-- EXERCISE INSTRUCTIONS --
Span requested from the data below: the line with "Costume Grease T-Bird Jacket - Adult" through the line with "Contemporary Italian Cherry", both included. Give only these lines again, exactly, and leave every picture out.

-- RECORDS FOR THIS EXERCISE --
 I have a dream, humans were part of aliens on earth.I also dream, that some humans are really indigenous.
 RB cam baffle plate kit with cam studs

--

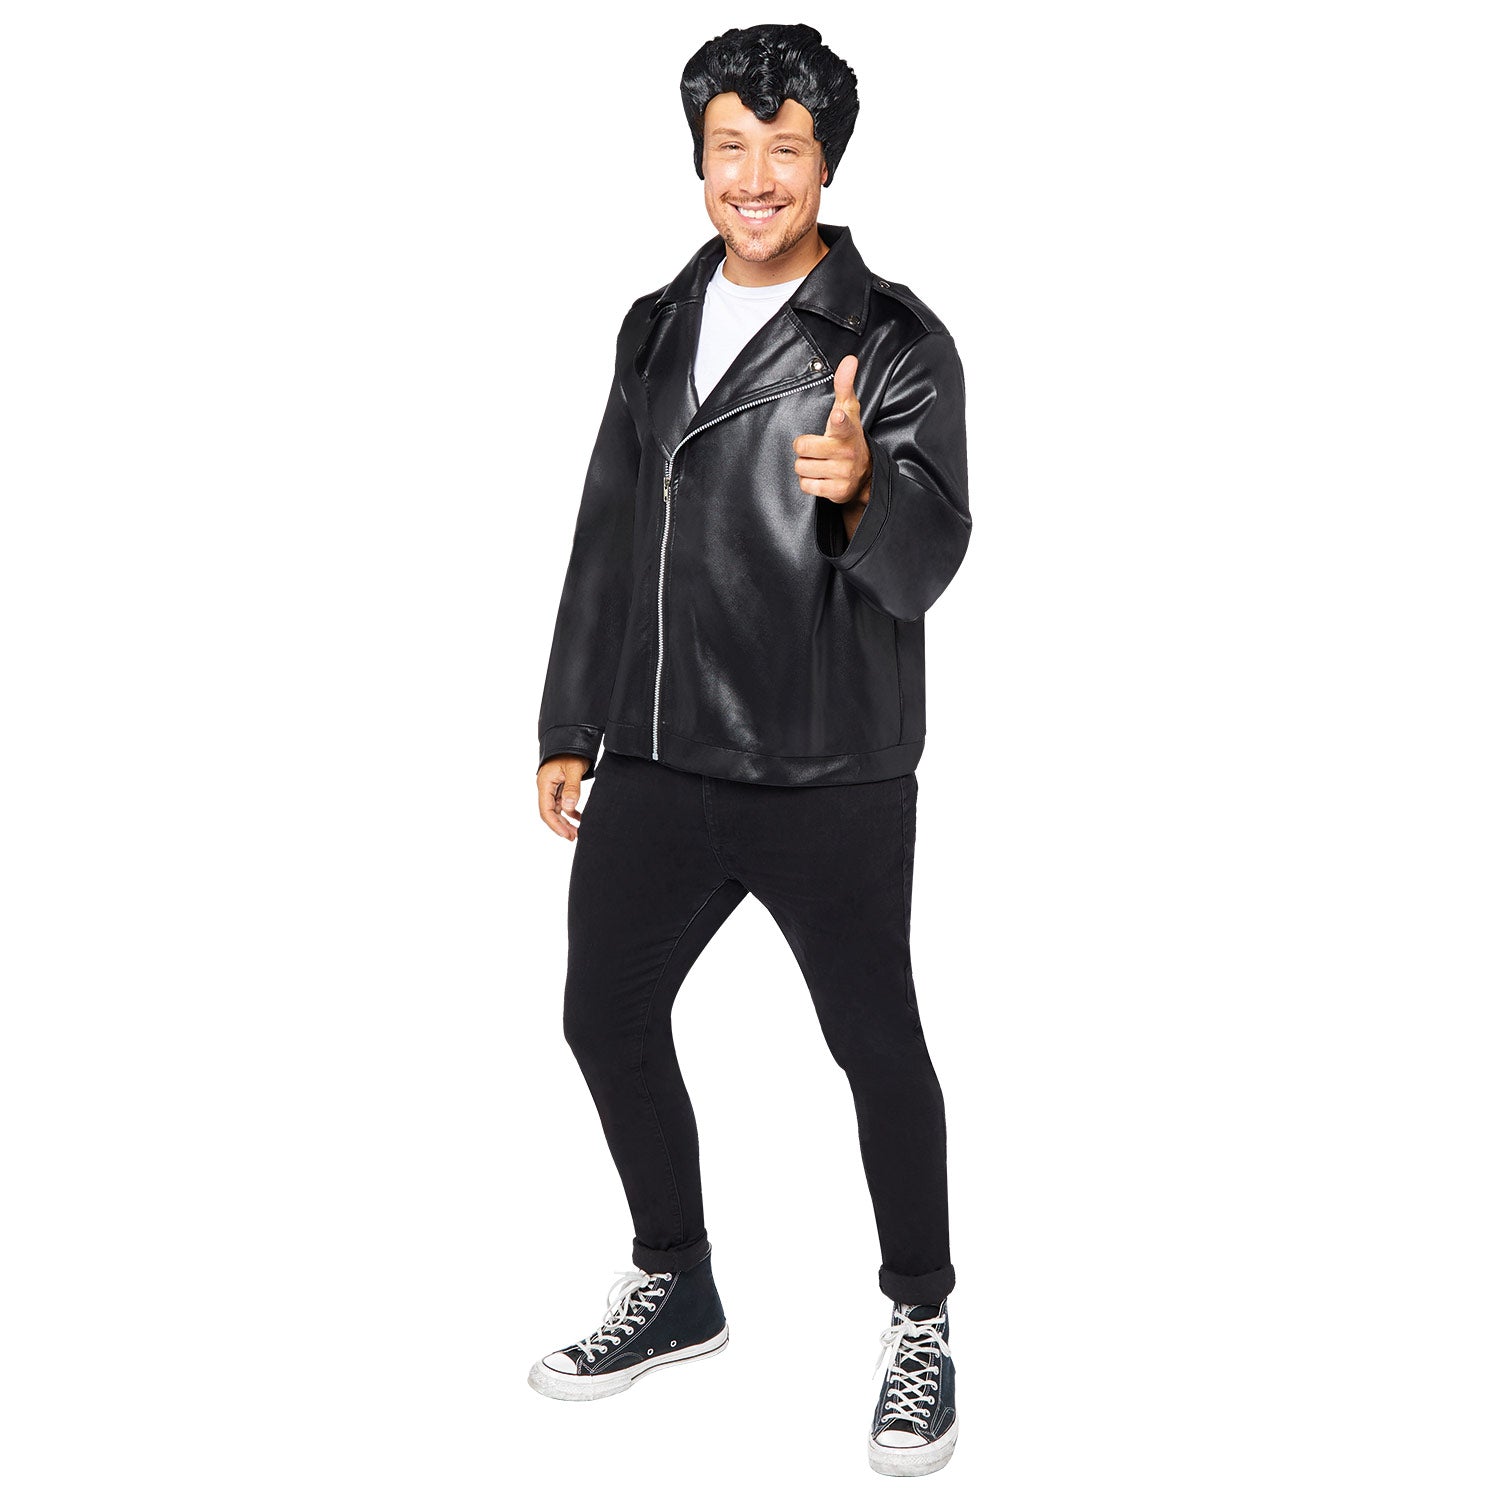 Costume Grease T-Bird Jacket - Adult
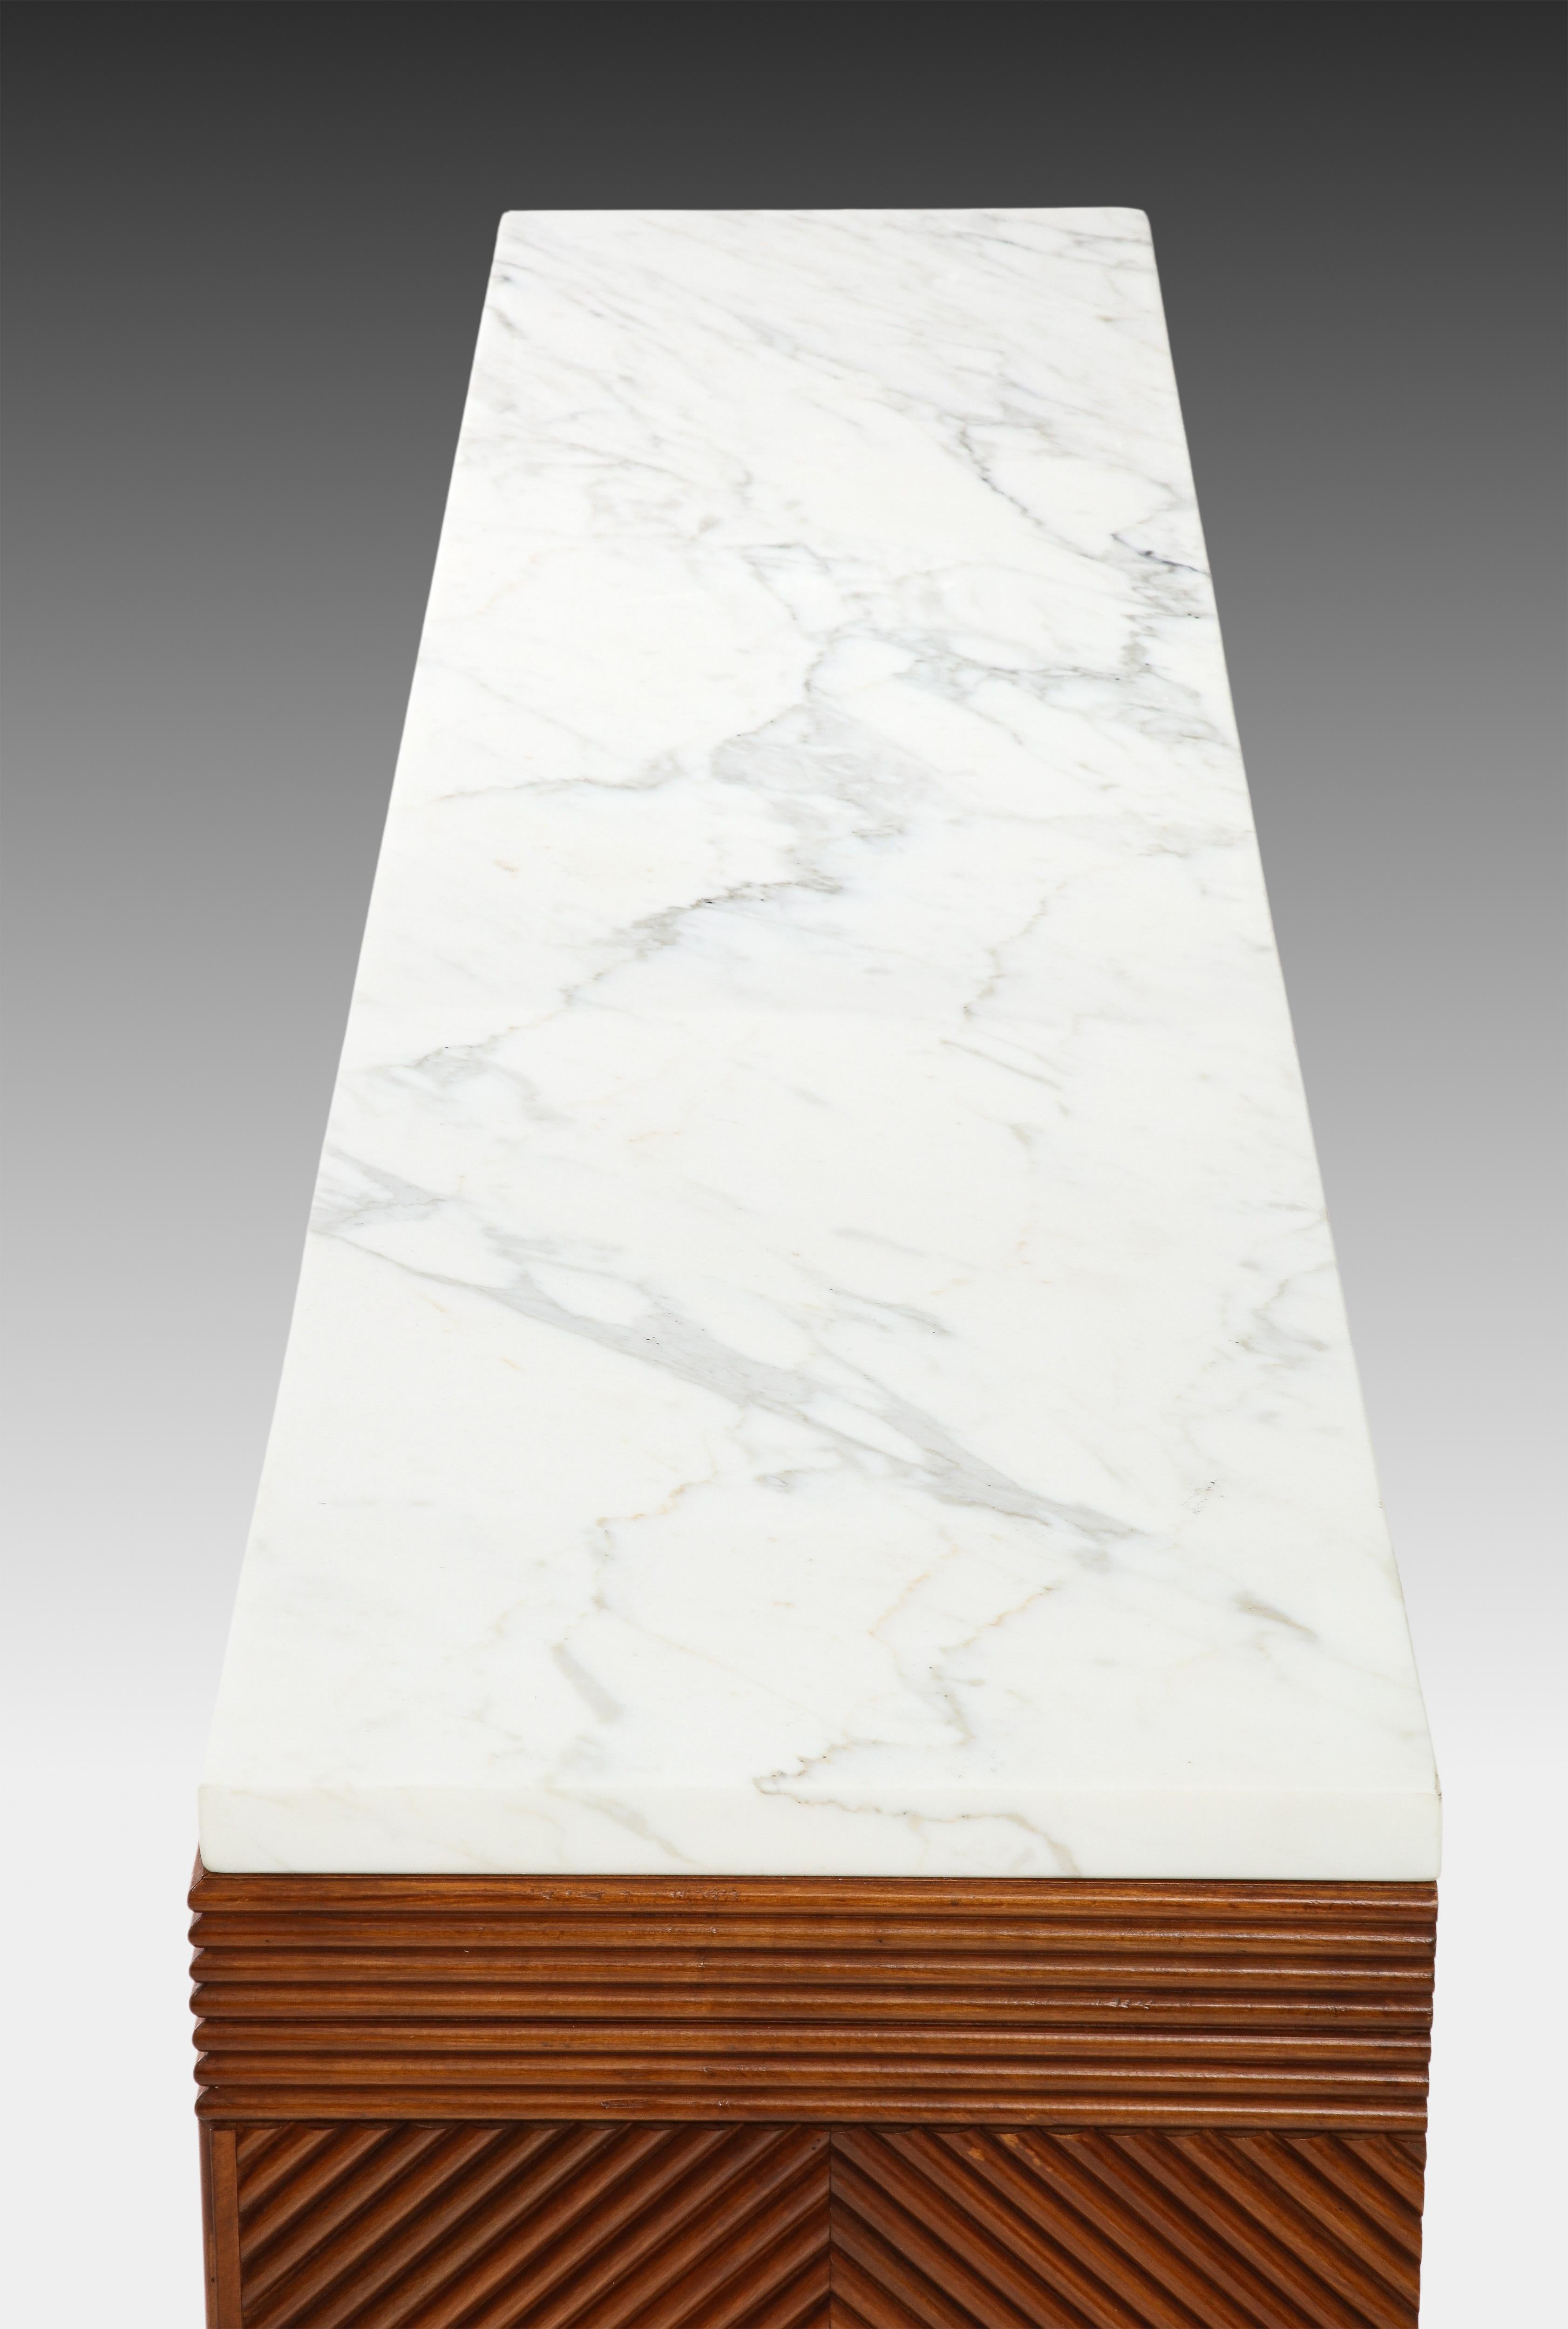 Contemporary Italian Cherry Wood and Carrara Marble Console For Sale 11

-- TASK RESULT --
 Costume Grease T-Bird Jacket - Adult
 Contemporary Italian Cherry Wood and Carrara Marble Console For Sale 11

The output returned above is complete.